The $50,000 is a closer question. Undeniably, there is tension between the testimony presented to the master and what appears in the transcript of the October 16 meeting. For several reasons, we do not find the trial court's rejection of the Managers' view of the $50,000 to be clear error. First, the trial court fully reviewed the October 16 transcript, reviewed the testimony before the master in light of the October 16 transcript, and determined the master's view of the $50,000 held up notwithstanding numerous references at the October 16 meeting to the parties' prior agreement that " the right hand man" — apparently Ms. Kawano — would receive $50,000 of the landlord's expected contribution for her work in opening and operating the restaurants. The October 16 transcript does not make clear that $50,000 was meant to increase Ms. Kawano's total investment in the restaurants, and there are many reasons to think it was not so intended. Though the transcript contains some loose references to the $50,000 payment in terms of " shares," there are stronger indications that any such payment was intended as a cash bonus and was not meant to be capitalized. These include various references that do not identify it as capital and its repeated mention in tandem with the bonus to employees, which the parties' descriptions— such as Ms. Chotikul's statement that " we talked about how if a cook did a very good work, we would have given them a part of that $100,000 at the end of the year" — plainly cast as a cash reward to worthy employees. The $50,000 also was often referred to in juxtaposition to the amount of the landlord's allowance that would go to capital, such as when Mr. Phongsvirajati asked, " How is it that right hand man gets $50,000, employees get $100,000, $100,000 goes to capital and I get nothing?"  Finally,
the fact that the meeting occurred during a tumultuous time of increasing distrust and hostility among the parties diminished the clarity of the discussion, made motives unclear, and obscured the upshot of the meeting.

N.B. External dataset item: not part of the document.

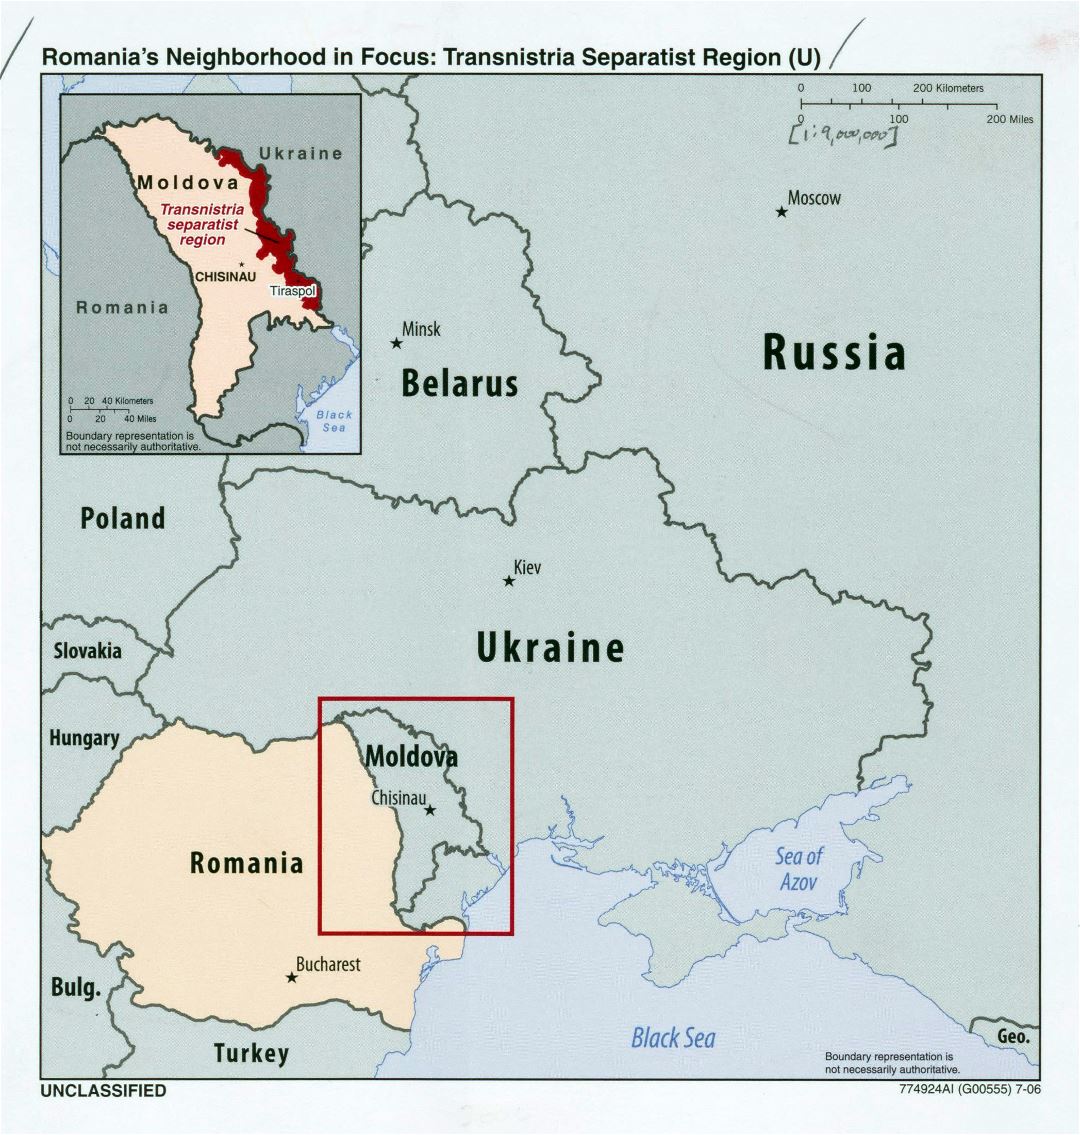 Large detail map of Romania's neighborhood in focus - Transnistria separatist region - 2006

Finally, as noted above, the facts that the Managers' counsel explicitly disavowed any claim that the landlord's contribution was a capital contribution at the hearings, that the Managers themselves did not claim in their testimony that the October 16 meeting settled the question of the $50,000, and that the Managers chose to let the master get his information from the parties' testimony rather than from an actual transcript of that meeting all tend to undermine their contention before the trial court and on appeal that the October 16 transcript reflects the parties' agreement to credit Ms. Kawano for a $50,000 capital contribution. As the trial court noted, this was an " extraordinarily complex and contentious dispute" in which the master " heard weeks of conflicting testimony, generally through Thai interpreters" and made " an extraordinary effort to resolve the factual disputes and place the facts into the proper legal context." The trial court wrestled with the discrepancies among the witnesses' testimony and the comments at the October 16 meeting, and on these facts, after our own review of the entire record of this case— including the October 16 transcript— we are unwilling to second guess the trial court's findings rejecting the claimed capital contributions just because they stemmed from a difficult sorting through of what the trial court acknowledged was " sharply conflicting evidence." See Abulqasim v. Mahmoud, 49 A.3d 828, 834 (D.C.2012) (stating that a finding " is clearly erroneous when, although there is evidence to support it, the reviewing court on the entire evidence is left with the definite and firm conviction that a mistake has been committed" ) (citations and internal quotation marks omitted). While the Managers have identified factors that cut the other way, given the complexity of the record and the abundance of evidence supporting the trial court's adoption of the master's report, we hold that the court's findings are not clearly erroneous.
For the foregoing reasons, we affirm the judgment of the Superior Court.